Вольдемара она не узнала. Куда делся худенький тщедушный юноша? Ухмыляясь, на нее глядел раскормленный буржуйчик: модный пиджачок с подплечиками, яркий жилет и шелковый шейный платок. Ну прямо коммивояжер на отдыхе!
Горовиц был не один. Рядом стояла, держась за его руку, девочка лет четырех.
Было похоже, что он ждал родственных поцелуев. Даже губы трубочкой вытянул.
«Еще не хватало», – подумала Ида и поздоровалась с безопасного расстояния.
Вольдемар не обиделся.
– Идуся, прошу любить и жаловать – моя внучка Мария Горовиц.
И наклонился к девочке.
– Мари, познакомься: это тетя Ида.
Девочка даже не взглянула на нее. Стояла, уткнувшись лицом в куклу с такими же, как у нее самой, спутанными светлыми волосами.
Ида поморщилась на «тетю» и ткнула пальцем в кресло у окна.
– Садись вон… туда, Мари.
Девочка забралась и села, свесив ножки.
Какие старые у нее башмаки. И грязные. Это так он к внучке относится? Сам весь расфуфыренный, как павлин, а девочка – в обносках. Впрочем, семейка Горовиц щедростью никогда не отличалась.
Ида кинула взгляд на Вольдемара. Они расстались сразу после их медового месяца. С тех пор не виделись. Не испытывали желания. И вдруг он является к ней, да еще с ребенком.
Зачем после стольких лет? Неужели деньги понадобились? Разве она не сполна расплатилась с ним тогда?
Ну да скоро узнаем.
– Угощайся, – кивнула она на стол, уставленный бутылками с вином и фруктами.
– С удовольствием, Идуся! – обрадовался кузен и, не стесняясь, налил себе полный фужер.
Ида протянула руку к колокольчику – надо приказать горничной, чтобы сняла с ребенка обувь – и вдруг подумала, что ногам девочки станет холодно в тонких чулках. Интересно, как среагирует дедушка.
А проверим!
– Мишель, возьми у девочки башмаки. Не хочу потом тратить деньги на чистку чехлов.
Мишель подошла к ребенку.
– Неть! Неть! – закапризничала Мари, когда с нее стали стаскивать обувь.
– Не упрямься, детка, – отхлебнув вина, равнодушно произнес Вольдемар. – Ты же не хочешь, чтобы тетя рассердилась и отшлепала тебя?

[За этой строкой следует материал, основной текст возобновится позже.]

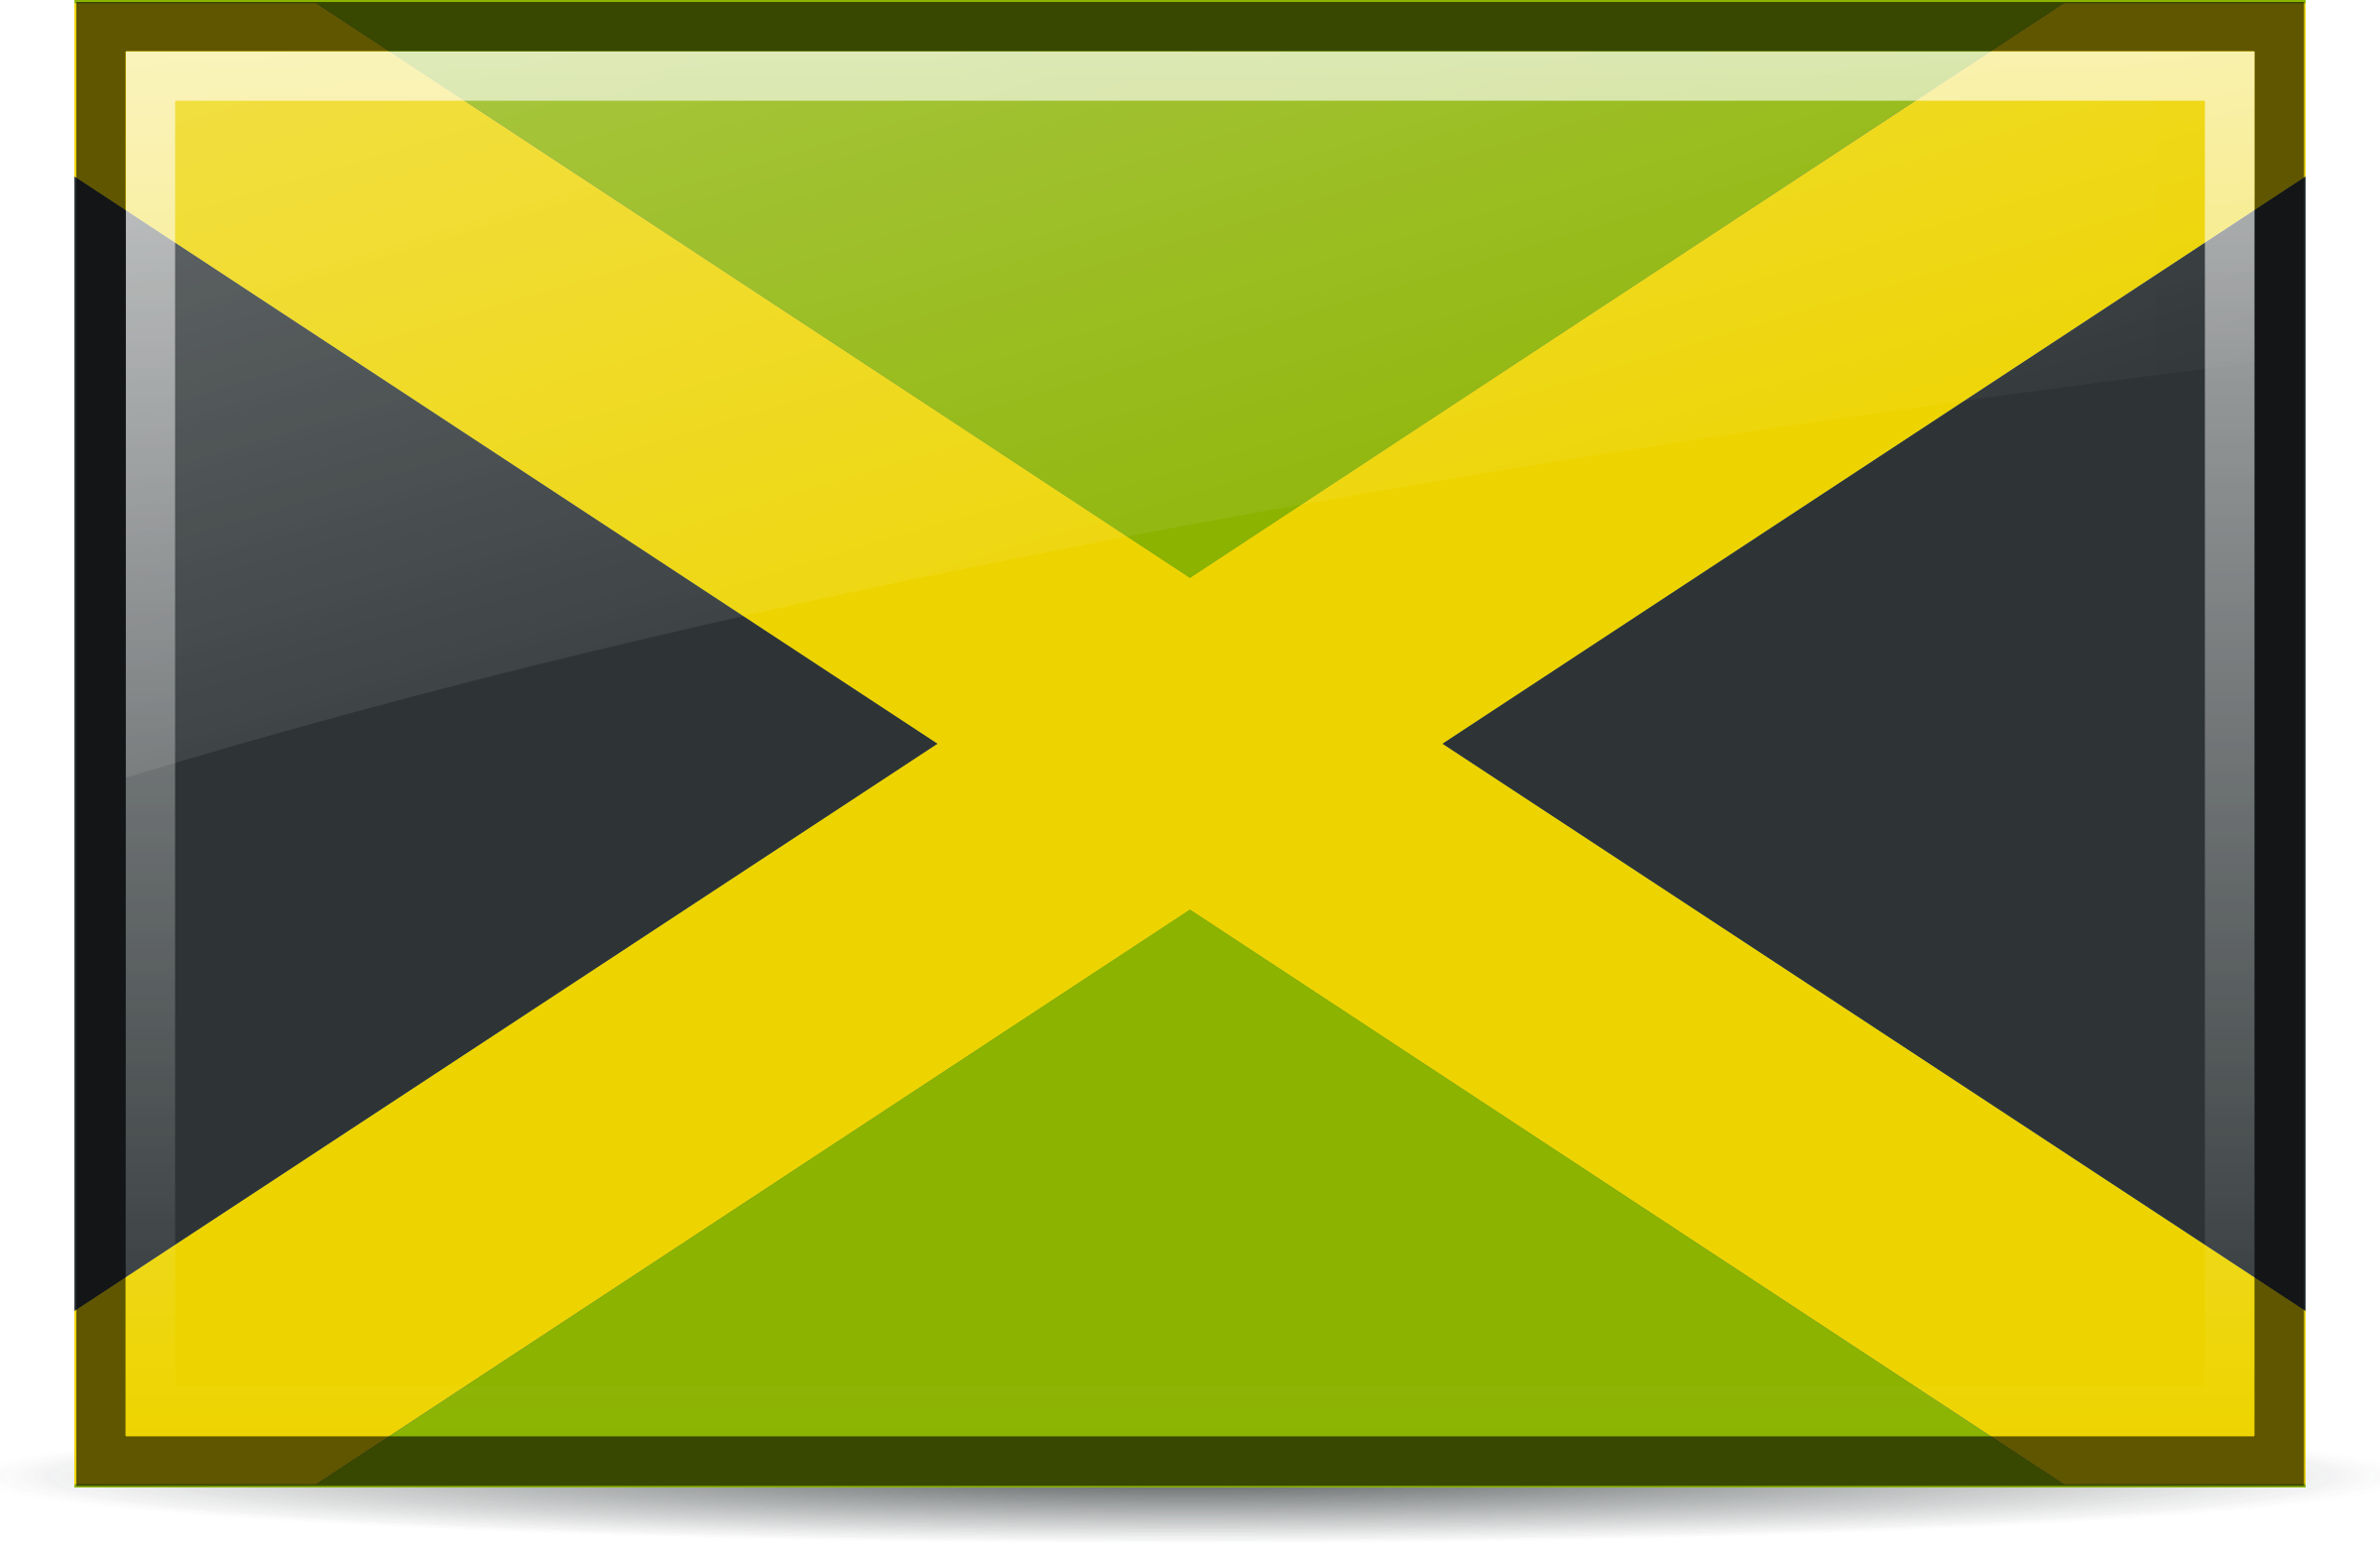 Флаг Ямайки. Флаг Джамайка. Флаг с желтым крестом. Зеленый флаг с желтым крестом.

Мари крепко сжала куклу и замолчала.
– Русская нянька совсем разбаловала ее, – пожаловался Горовиц, не глядя на ребенка. – Один я едва справляюсь.
– Но где же няня?
– Ах, она мне надоела! Выгнал взашей. Теперь ищу француженку. С Мари нужно быть строгой.
Ему, значит, надоела. А девочке?
Ида поднялась и, сняв со спинки дивана теплый плед, подошла к креслу.
– Хочешь, я закутаю тебе ножки?
Девочка медленно подняла голову, и из копны кудрявых волос на Иду вдруг глянули очень светлые, словно обведенные по краю угольком, совсем недетские глаза.
Ида вздрогнула. Странно знакомые глаза.
– Ты такая милая, Идуся, – приторно-ласковым голосом произнес кузен, пересаживаясь вместе с бокалом на кушетку, где она только что лежала.
Укрывая маленькие ножки, Ида неожиданно для самой себя едва удержалась, чтобы не погладить ребенка по голове.
– Хочешь чего-нибудь покрепче, Вольдемар? – спросила она, не оборачиваясь.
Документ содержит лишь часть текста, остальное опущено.